"Yes; she lives near here," answered Ida, adjusting her veil with both hands, that she might thus screen her flushed face from her friend's view.
At this moment Aunt Patty stepped to one side of the road to avoid the carriage. She looked up, and a sudden smile illumined her face. But Ida looked straight ahead, without making the faintest sign of recognition, though her heart beat so loudly she felt sure Angela must hear it.
Aunt Patty stood still a moment, looking after the carriage, a stunned expression on her face. Then she walked on, clasping tightly the big box.
"She looked like a good-natured old soul," remarked Angela. "And how she stared at us, Ida! She probably doesn't see city people very often. I would like to have her costume for a masquerade."
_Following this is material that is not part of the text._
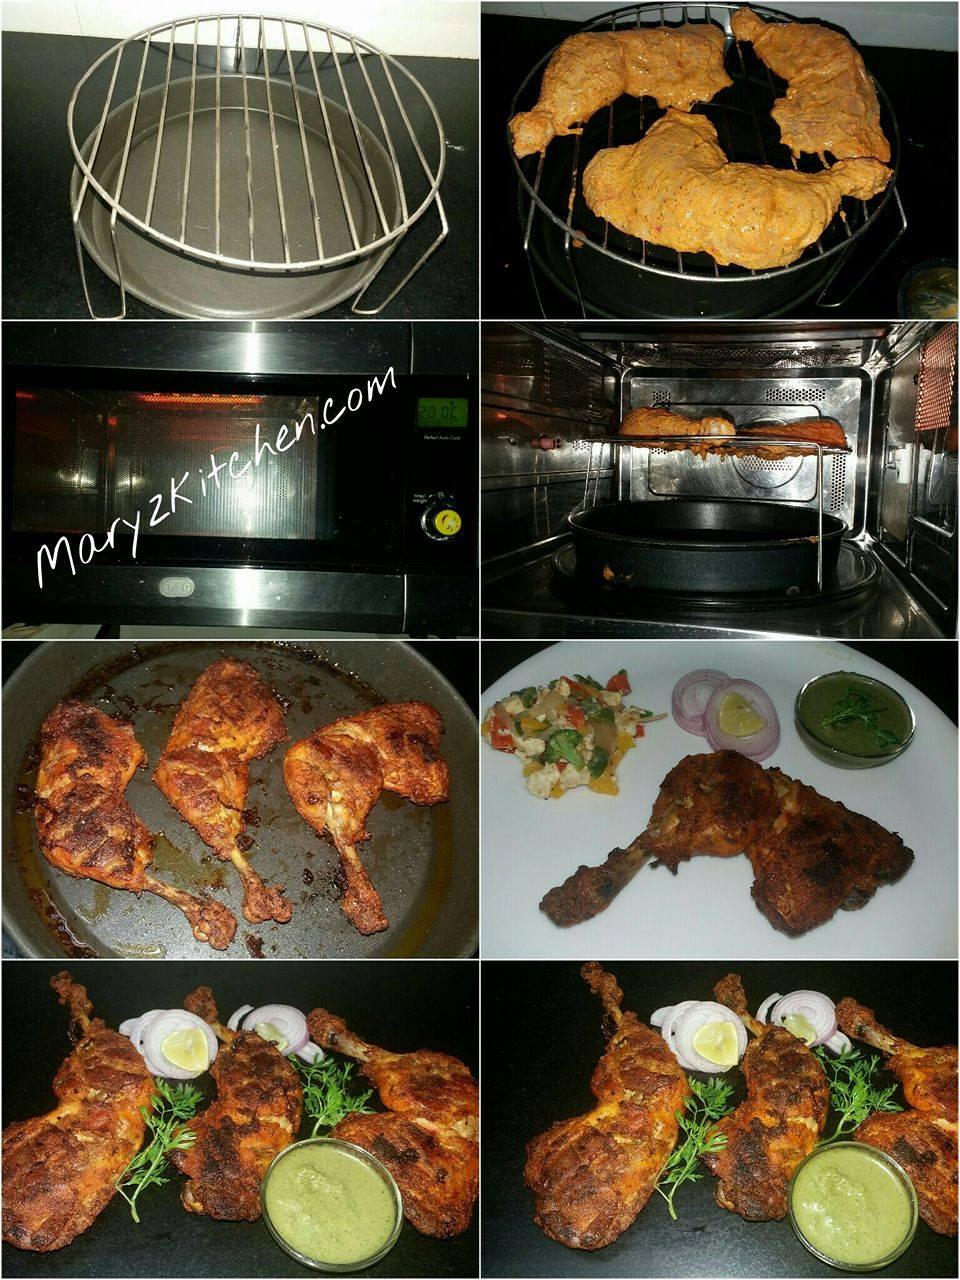 Tandoori kitchen - Tandoori Chicken

Ida smiled faintly, but said nothing in reply. She felt that it would not be safe to trust her voice just then. And, oh! what would Aunt Patty say to her when they met again? How would she bear the look of reproach in those kind eyes?
"I wish I had even half of Cynthia's moral courage," she thought. "I was a coward to pass Aunt Patty that way. But there is a taint in my blood, I do believe." But she did not yet realize that it was the taint of selfishness, vanity, and love of luxury, from which grave faults all the unkind and ugly acts of the past three weeks had sprung.
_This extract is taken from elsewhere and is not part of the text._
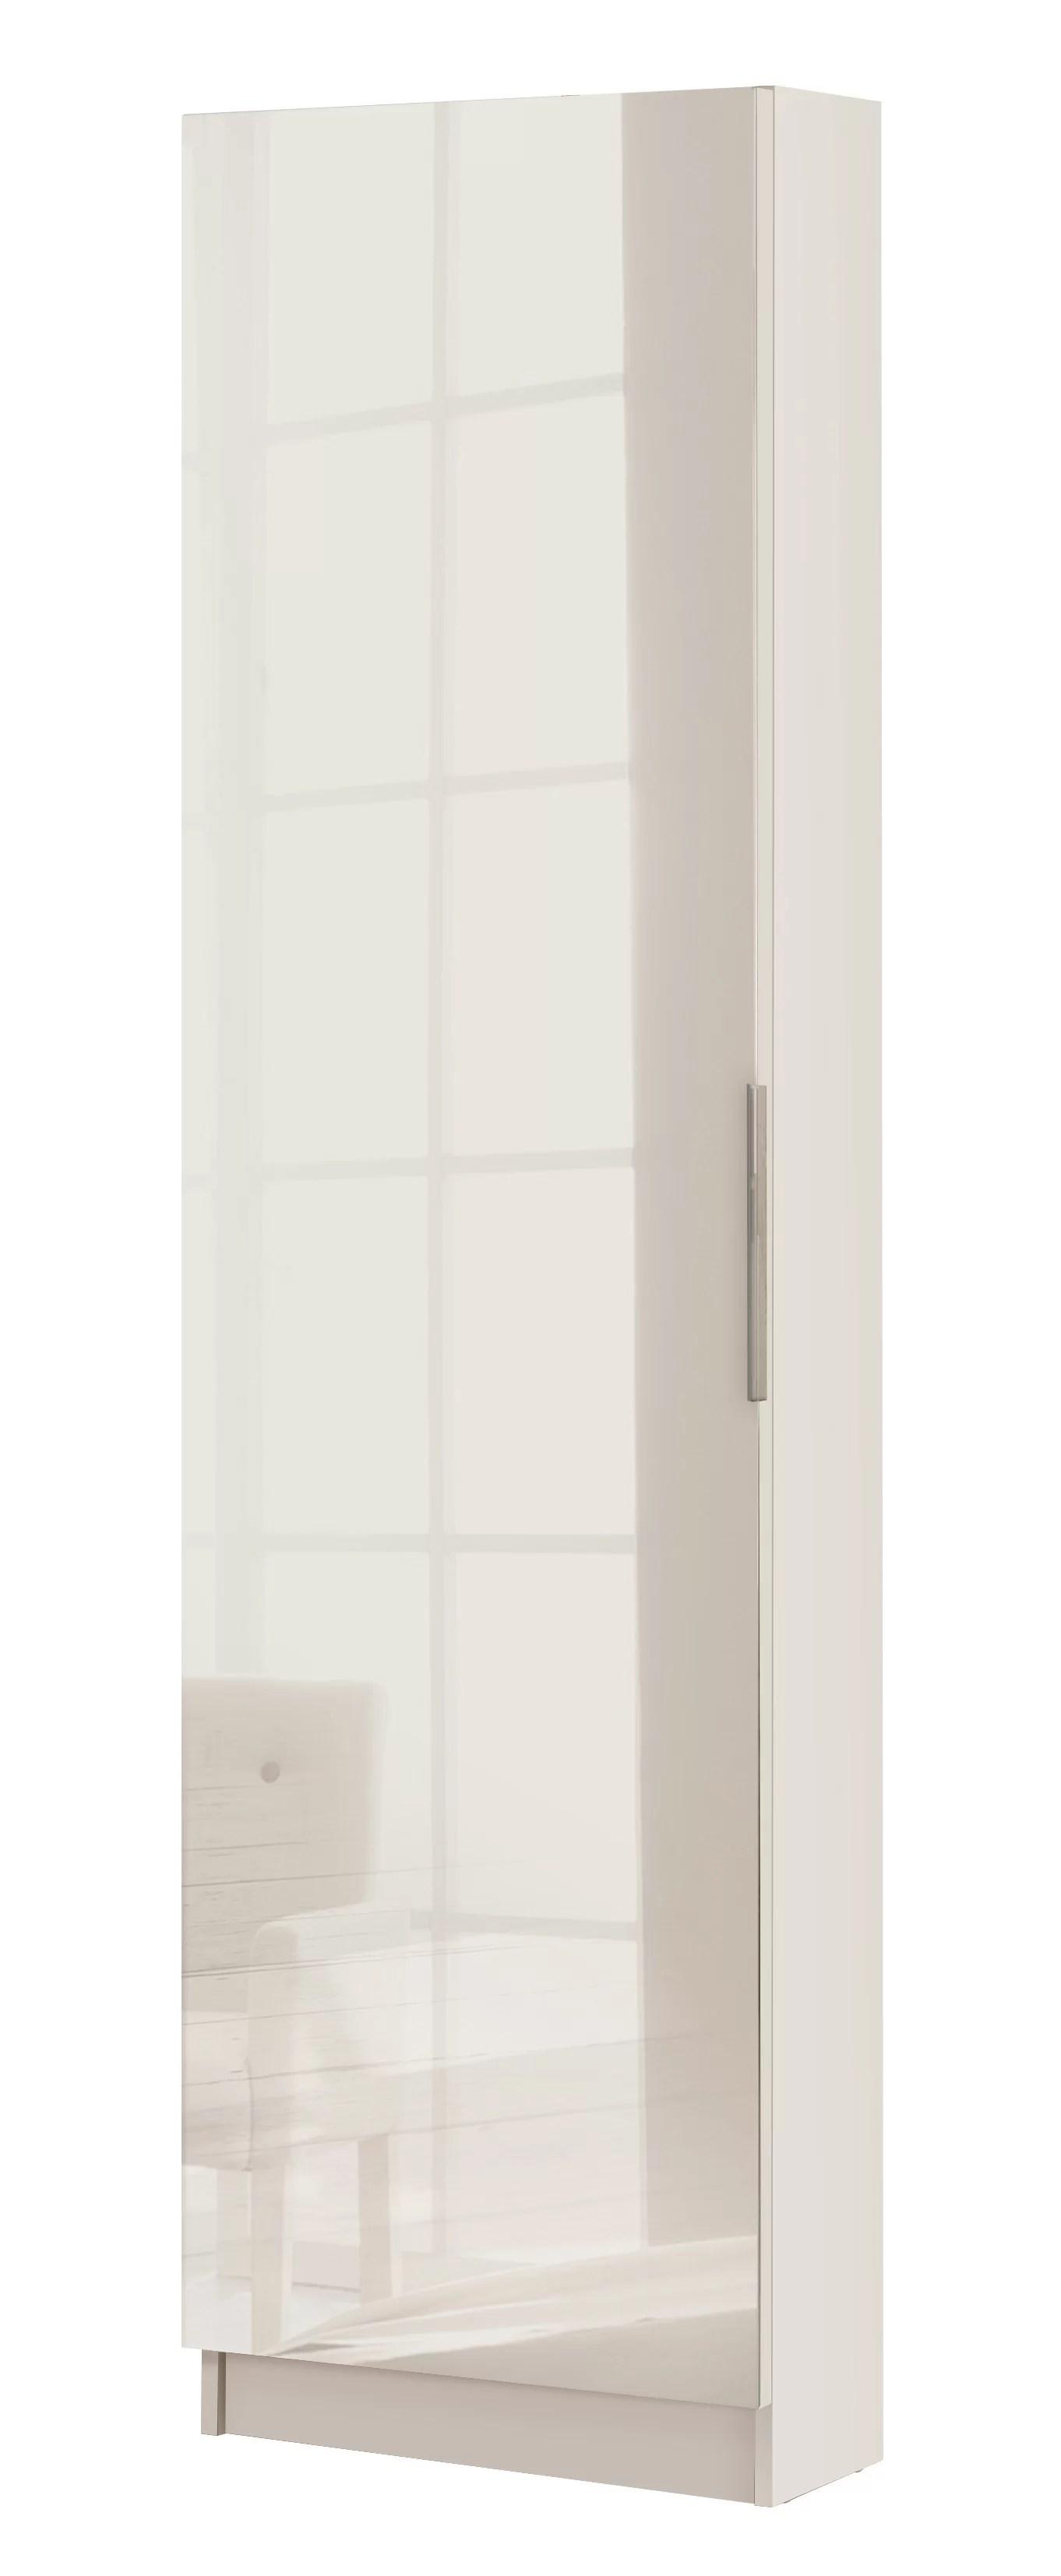 Home Etc Schuhschrank Lilien Für 12 Paar & Bewertungen | Wayfair.De

Angela Leverton insisted that Ida should accompany her to Mrs. Lennox's to luncheon, saying that Mrs. Lennox had told her to extend the invitation; and thus it happened that it was late in the afternoon when Ida returned home.
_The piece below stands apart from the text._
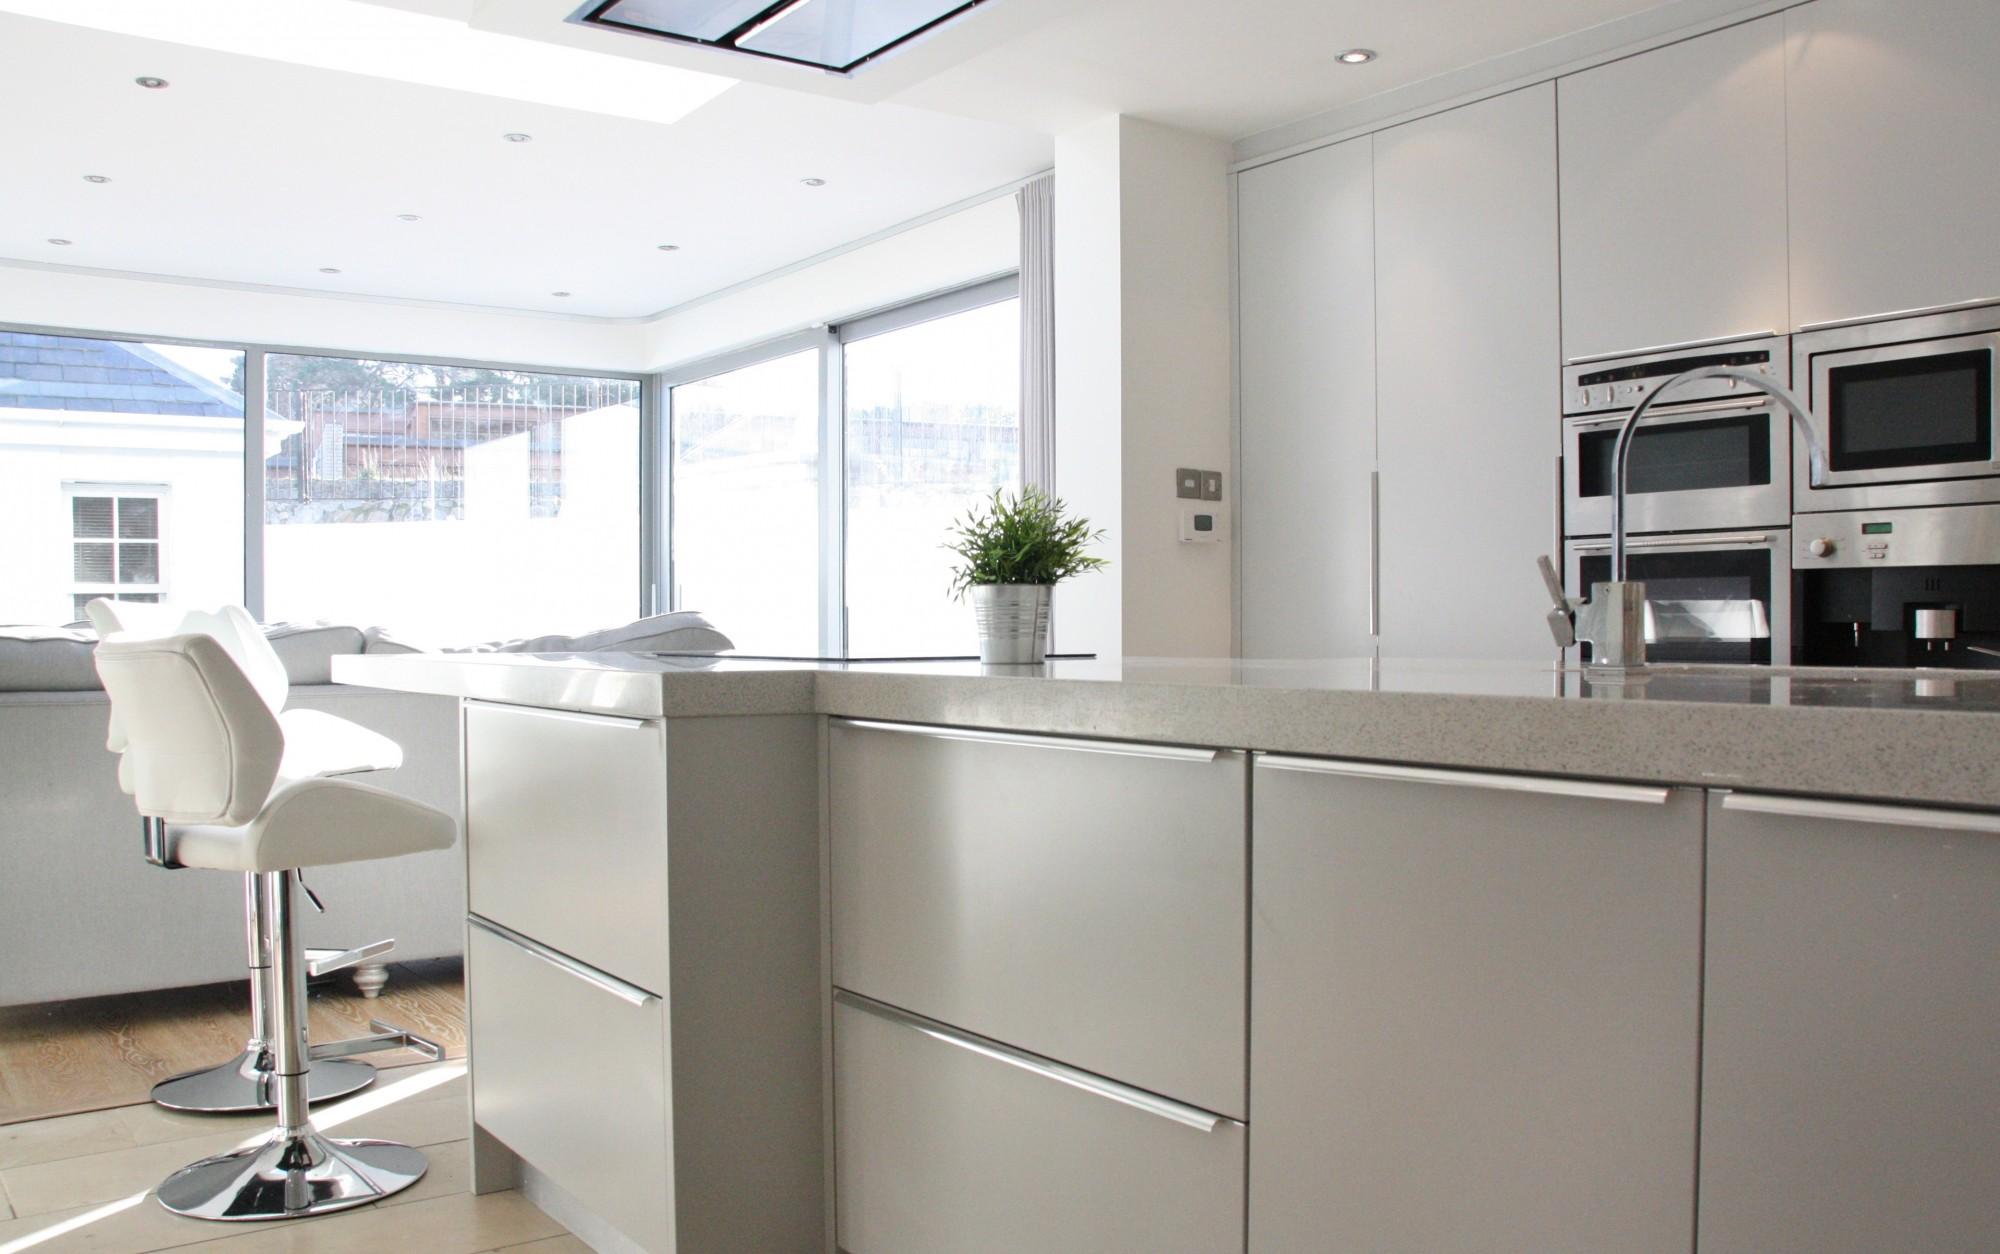 enigma design » contemporary flat panel kitchen design 5 wide

All day she had thought of little else save that unfortunate meeting on the road with Aunt Patty, and she was prepared for coldness and perhaps reproaches—which she felt she richly deserved.
She was ashamed as well as relieved when her aunt greeted her as kindly as ever, and Cynthia assured her that they had both "missed her dreadfully." Evidently Aunt Patty had kept the occurrence of the morning to herself.